The RFP will be broken down into different service areas across the county and multiple organizations could fill the need. Last year an RFP was put out and Howard Training Center was the only organization to submit a bid.

United Samaritans has been contacted by the county and may be willing to take over three congregate sites in the Turlock area.

In announcing the change earlier this year Strong noted that HTC's three campuses are having to respond to the demands of the Workforce Innovation Opportunity Act of 2016. HTC trains and employs 246 developmentally disabled clients in Stanislaus County. Strong said the federal act is resulting in traditional "sheltered workshops" for training disabled adults being eliminated across the country and replaced by new programs that aim squarely for competitive-integrated employment for clients.

"For us it's going to mean completely revamping all of our programs to survive and we're going to do that - but we're excited," said Strong.
Strong said her industry has known the changes were coming two years ago but stands by her view that the law may be well intentioned but feels it "didn't take all of the population into consideration."

Another change involves converting HTC's commercial kitchen north of Hatch Road into a Culinary Academy, offering training for all steps from cooking to "front of the house" skills with a complete curriculum.

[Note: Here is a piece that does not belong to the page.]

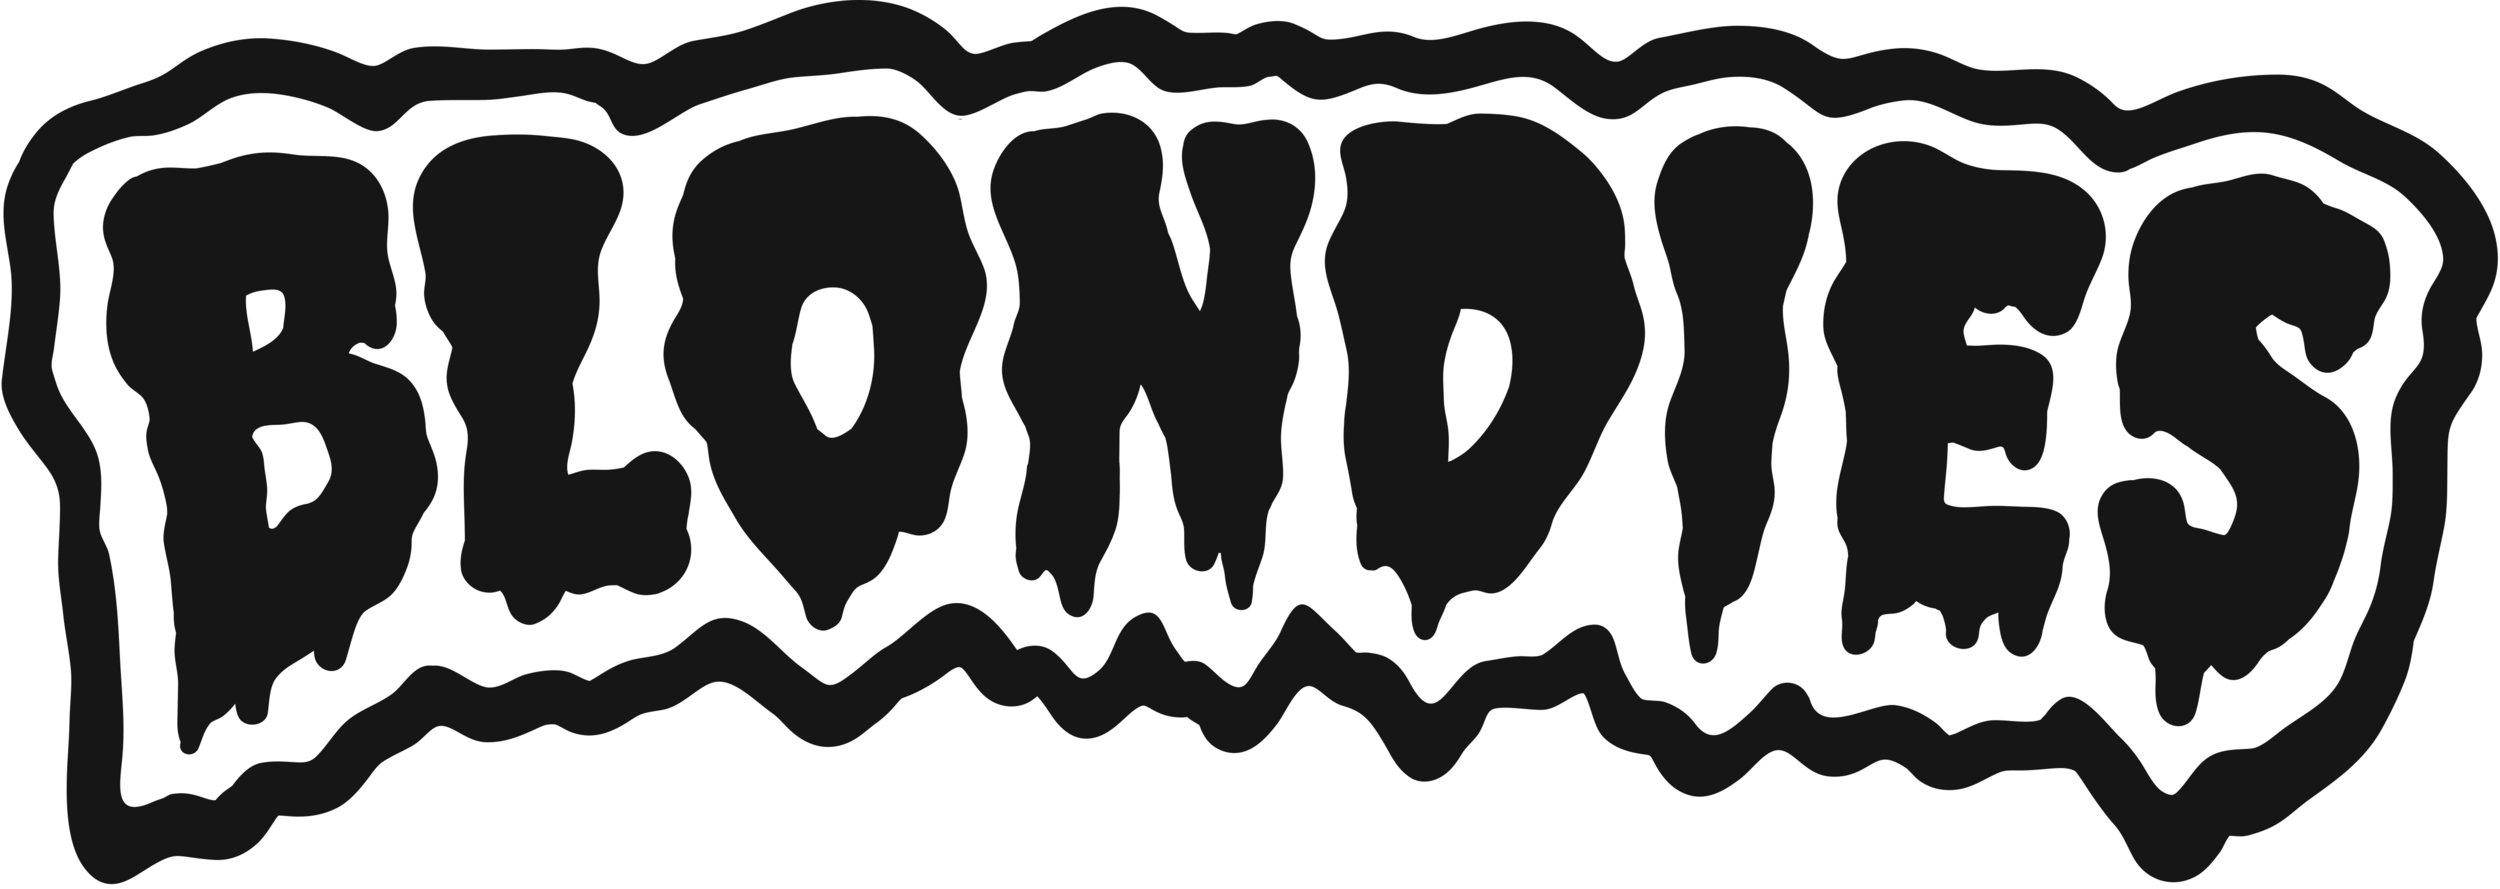 BLONDIES-LOGO-MAIN (1) copy.jpg

"We are looking at the plans for starting our own culinary school. That is the easiest for us to convert because we have the large kitchen. It's a unique opportunity for the adults that are in our programs to gain employment in the competitive workforce."

Howard Training Center has trained adults with disabilities in vocational and life skills for 65 years. Through a 22-year contract with Caltrans HTC, clients provide maintenance for the rest stops along Highway 99 south of Turlock and along I-5 in Westley and also provide gardening, trimming, and clean-up for the major thoroughfares of the city of Ceres. With those clients now placed into "independent placement," and considered employees of HTC, they are paid minimum-wage as they clean all three HTC facilities.

HTC officials expect to raise the cost of the contract with the city by four or five percent.

Approximately 30 clients work in the Mary Stuart Rogers Commercial Kitchen on the Stonum Road campus and have produced the Senior Meals for Stanislaus County for the last 11 years.

HTC's Production Unlimited campus works on hand assemblage projects for major wineries, the Caltrans Highway division, and the Hope Chest.

Behavioral and Adult Service counseling and care are offered both at the Stratos Way campus and the Stonum campus for over 100 adults with disabilities.